Under my plan, candidates will be barred from playing instruments while on the campaign trail. Everyone remembers Bill Clinton’s thrust in popularity after he played the saxophone on late night television. Mike Huckabee recently showed up on Jay Leno playing the bass guitar. (Less memorable was Steve Forbes’ performance of Black Sabbath’s “Paranoid” on the triangle.) Whether a candidate can play a few notes on an instrument doesn’t tell me what I need to know about their position on CAFTA.
Finally, we need to get rid of all these troublesome catchwords that seem to be getting people so excited. Obama should be limited to two uses of the word “hope” per speech. Huckabee should only be allowed to refer to God as “the man who lives in the clouds,” and will be limited to using the following joke, written by my four year-old daughter:
Q: “What did the fish say to the seaweed?”
A: “Fish can’t talk!”
All of these important reforms will give real people a chance to run for office. Real ugly, dull, uninformed people.
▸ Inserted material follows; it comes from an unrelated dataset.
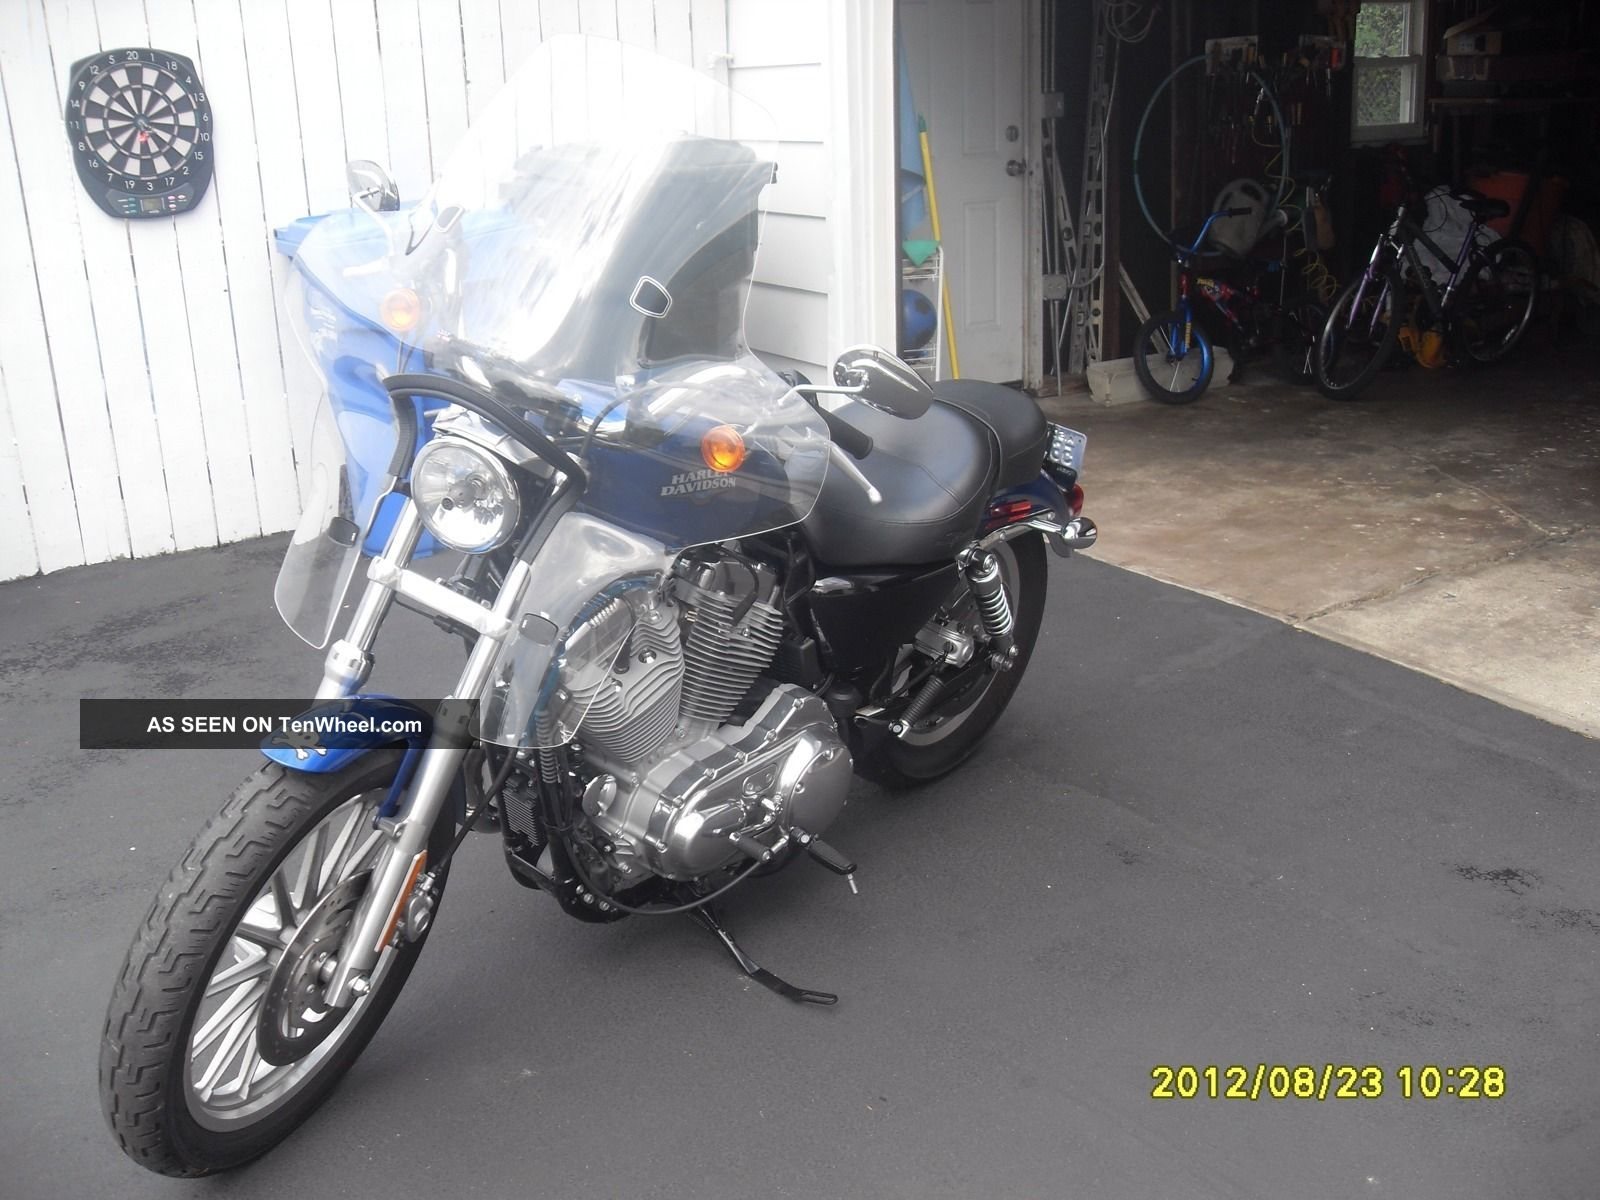 2010 Harley Davidson Sportster 883 Low Sportster photo
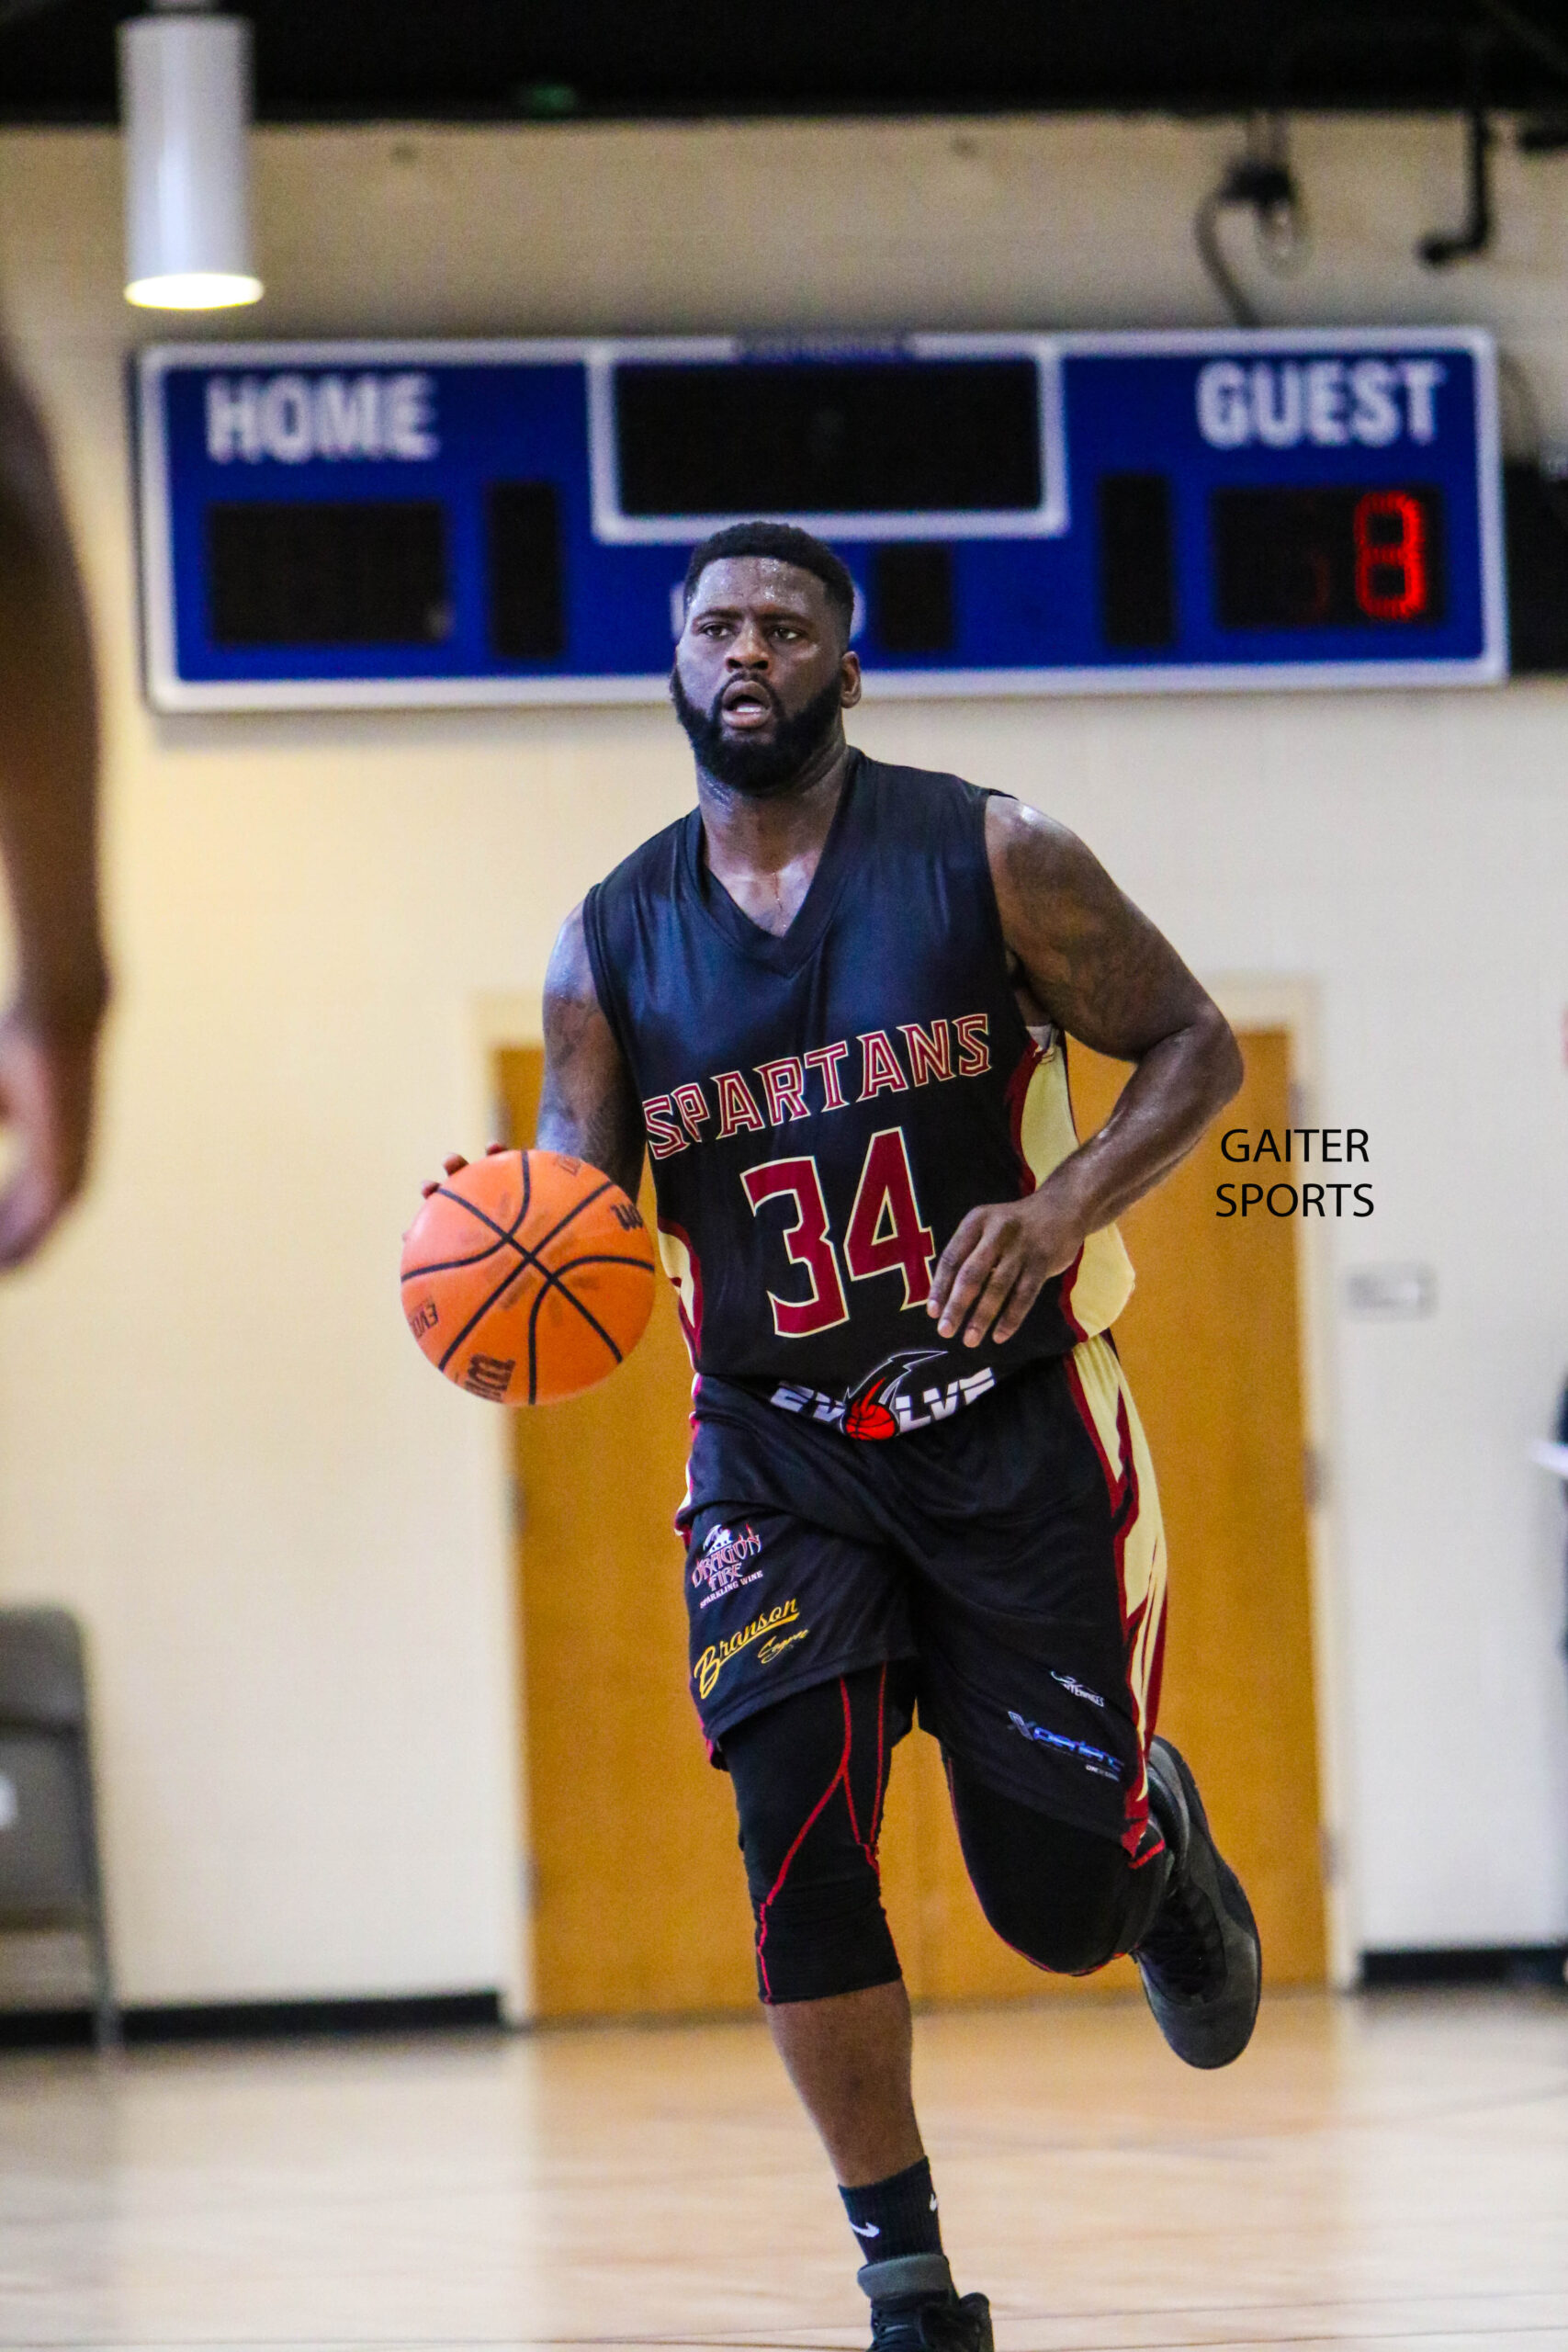 2019 Celebrity Basketball Game Georgia Spartans 130 Parysh Munroe

Then again, maybe we should just recognize that voters are smarter and more complex than we have given them credit for. Maybe the things we think influence their votes, like “excessive” campaign spending, aren’t really all that important. Perhaps citizens see through campaign ads and pick their elected officials on actual substance.
Undeterred, good government groups in Wisconsin forge on with their plans to use taxpayer money to solve the fundraising “arms race” that leaves some candidates with more money than others. These groups believe candidates raise money, which makes them more viable. In fact, they have it exactly backward – it is the best candidates that are able to attract contributions once they have demonstrated their electoral worthiness. What they do with their funds at that point is their own business – and quite often doesn’t mean victory. Until we can control for all the variables in a campaign, some candidates will continue to have natural advantages that appeal more broadly to voters.
-January 10, 2008
UPDATE: Originally, this column suggested Charles Bronson as the go-to washed up action star. Unfortunately, it appears that Bronson has been practicing his own vigilante brand of justice in heaven since 2003. RIP.